Peterson v. Pollack

Decision Date12 February 2020
Docket NumberNo. 4D19-431,4D19-431
Citation290 So.3d 102
Parties Scot PETERSON, Appellant, v. Andrew POLLACK and Shara Kaplan, as Co-Personal Representatives of the Estate of Meadow Pollack, decedent, Appellees.
CourtFlorida District Court of Appeals

Michael R. Piper and Christopher J. Stearns of Johnson, Anselmo, Murdoch, Burke, Piper & Hochman, P.A., Fort Lauderdale, for appellant.

Joel S. Perwin of Joel S. Perwin, P.A., Miami, and David W. Brill and Joseph J. Rinaldi, Jr. of Brill & Rinaldi, Weston, for appellees.

ON APPELLANT'S MOTION FOR REHEARING EN BANC, MOTION FOR CERTIFICATION, AND MOTION FOR CLARIFICATION

Gerber, J.

We deny the deputy's motion for rehearing en banc and motion for certification. However, we grant the deputy's motion to clarify a phrase within our December 18, 2019 opinion, at page 11, to insert the word "alleged" before the word "duty" in the following phrase: "failure to take any action to fulfill his duty of protecting the students and teachers."

We agree with this requested insertion because, according to Florida Rule of Appellate Procedure 9.130(a)(3)(C)(x), the deputy's appeal in this case was limited to our review of the deputy's statutory immunity argument under section 768.29(9)(a), Florida Statutes (2018). The insertion clarifies that we could not, and did not, review the deputy's other argument that he lacked any legally cognizable duty of care in this case.

Based on the foregoing, we substitute the following opinion for the opinion which we issued on December 18, 2019. The insertion appears within the following opinion on page 11.

This appeal arises from the horrific killing of seventeen students and teachers, and the permanent physical and mental injuries which many others suffered, during the shooting rampage at Marjory Stoneman Douglas High School.

Meadow Pollack's parents have sued, among others, the sheriff's deputy who served as the school resource officer, alleging as to the deputy that his negligence materially contributed to their daughter's death.

The deputy filed a motion to dismiss the parents' suit against him.
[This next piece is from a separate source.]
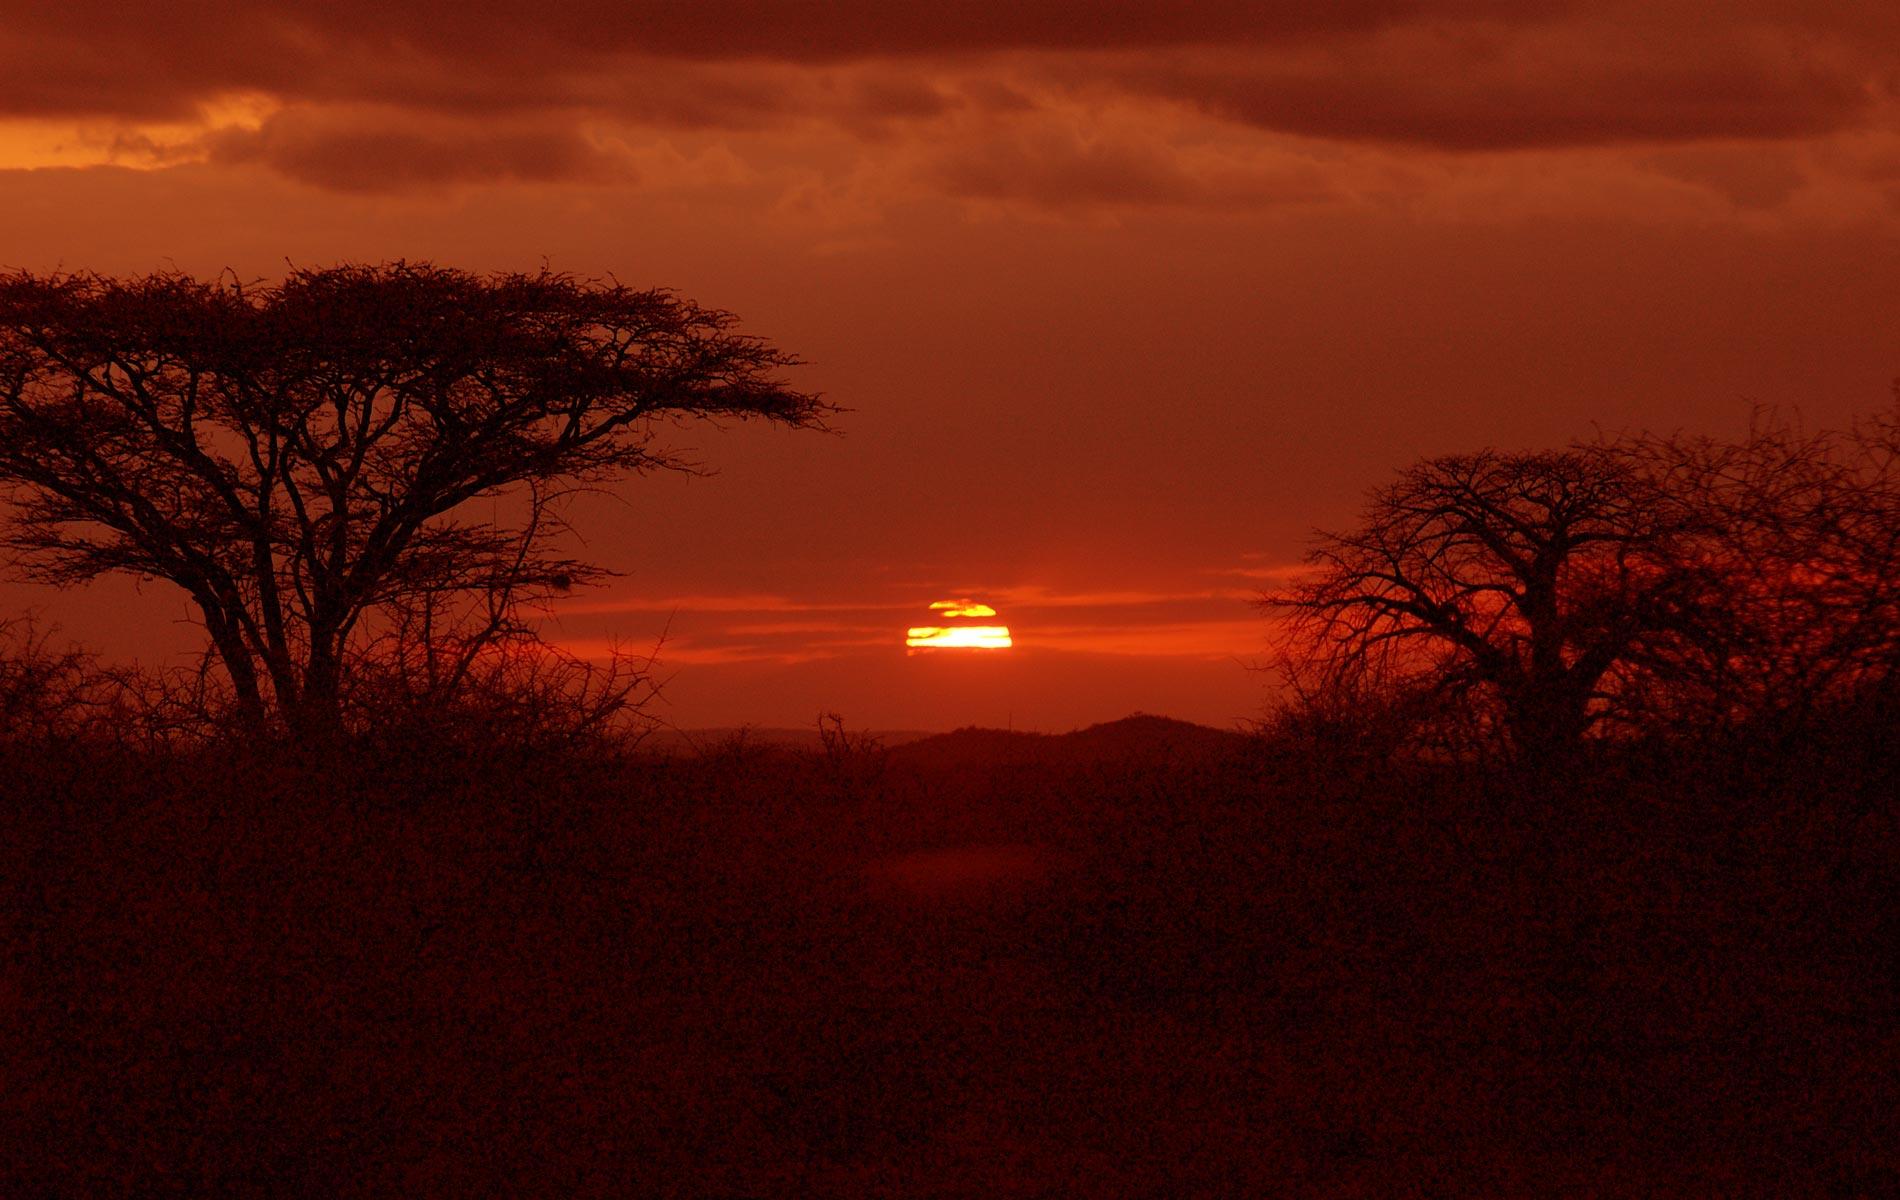 KENYA - TSAVO EAST NAT. PARK - © Graziano Villa
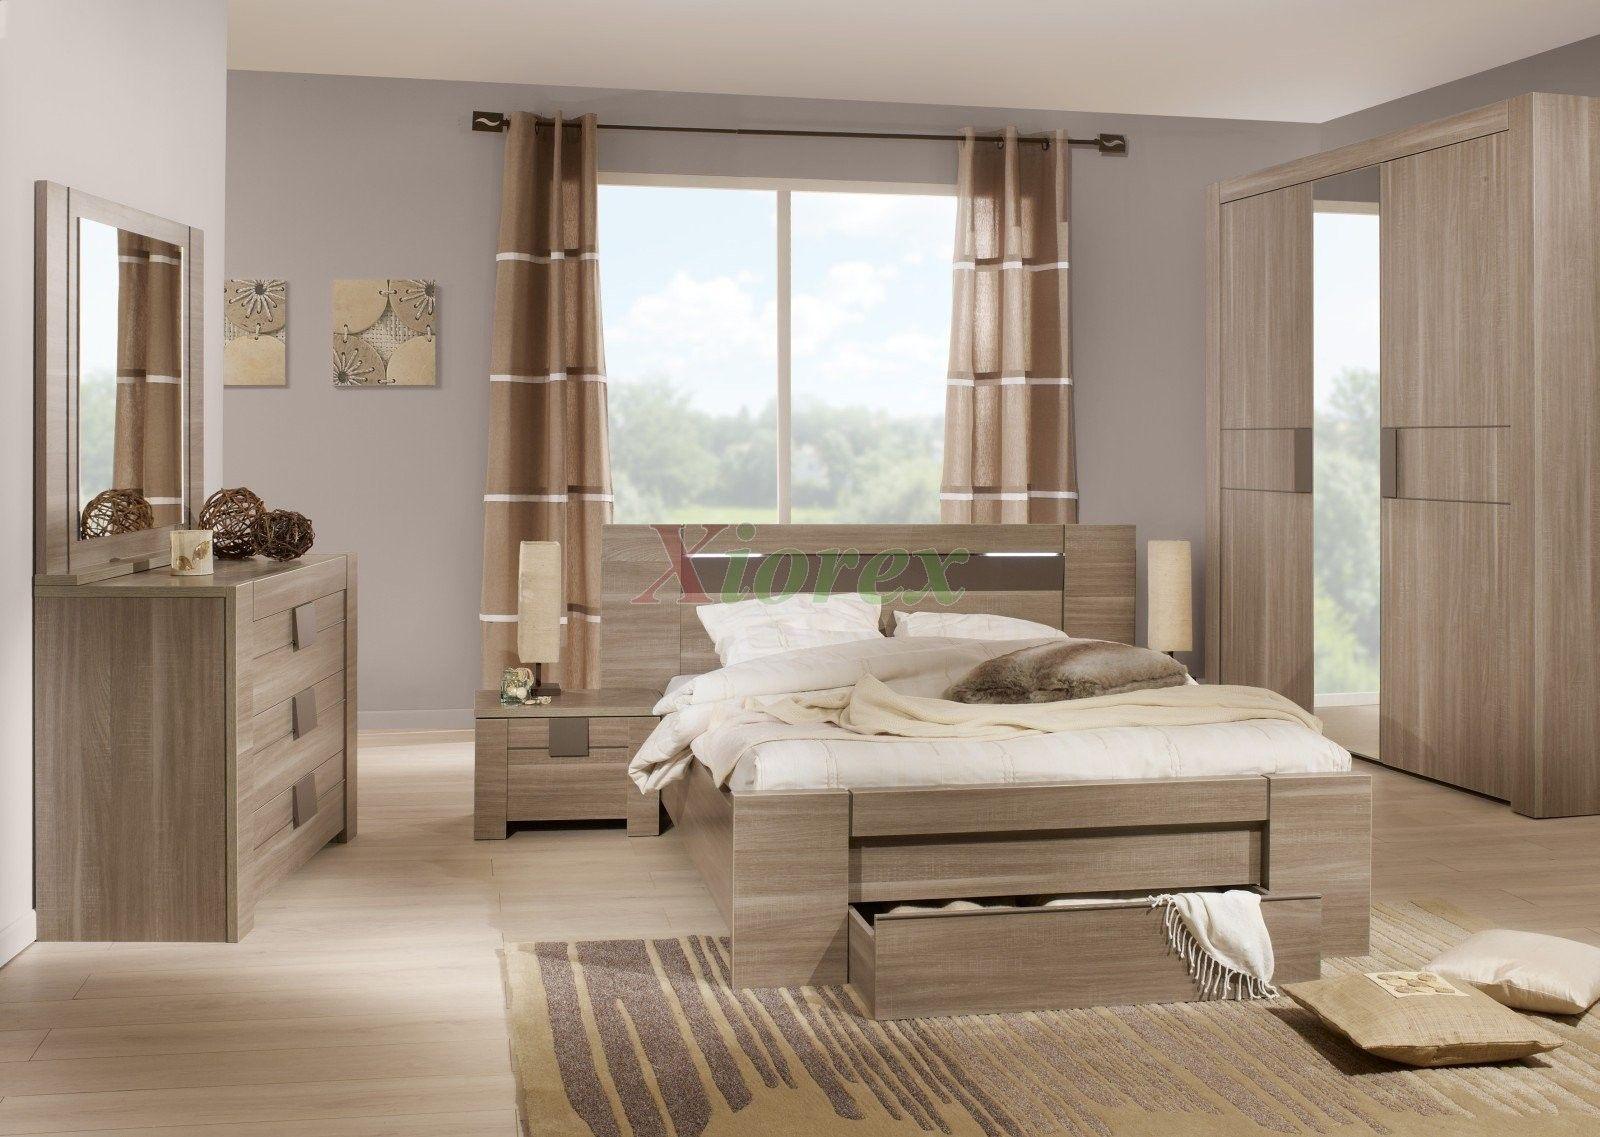 . Master Bedroom Sets   Gami Moka bed sets by Gautier are contemporary

The deputy argued he is immune from suit and liability under section 768.28(9)(a), Florida Statutes (2018), which provides, in pertinent part:

No officer, employee, or agent of the state or of any of its subdivisions shall be held personally liable in tort or named as a party defendant in any action for any injury or damage suffered as a result of any act, event, or omission of action in the scope of her or his employment or function, unless such officer, employee, or agent acted in bad faith or with malicious purpose or in a manner exhibiting wanton and willful disregard of human rights, safety, or property....

§ 768.28(9)(a), Fla. Stat. (2018).

According to the deputy, the parents' allegations regarding his conduct, even if true, are insufficient to show that, during this tragic event, he acted "in bad faith," "with malicious purpose," or "in a manner exhibiting wanton and willful disregard of human rights [or] safety."

The circuit court issued an order denying the deputy's motion to dismiss. The circuit court's order stated, in summary fashion, "As a matter of law, [the deputy] is not entitled to statutory immunity under section 768.28(9), Florida Statutes."

The deputy has filed this appeal, seeking this court's de novo review of his motion to dismiss on the ground of section 768.28(9) immunity. We have jurisdiction. See Fla. R. App. P. 9.130(a)(3)(C)(x).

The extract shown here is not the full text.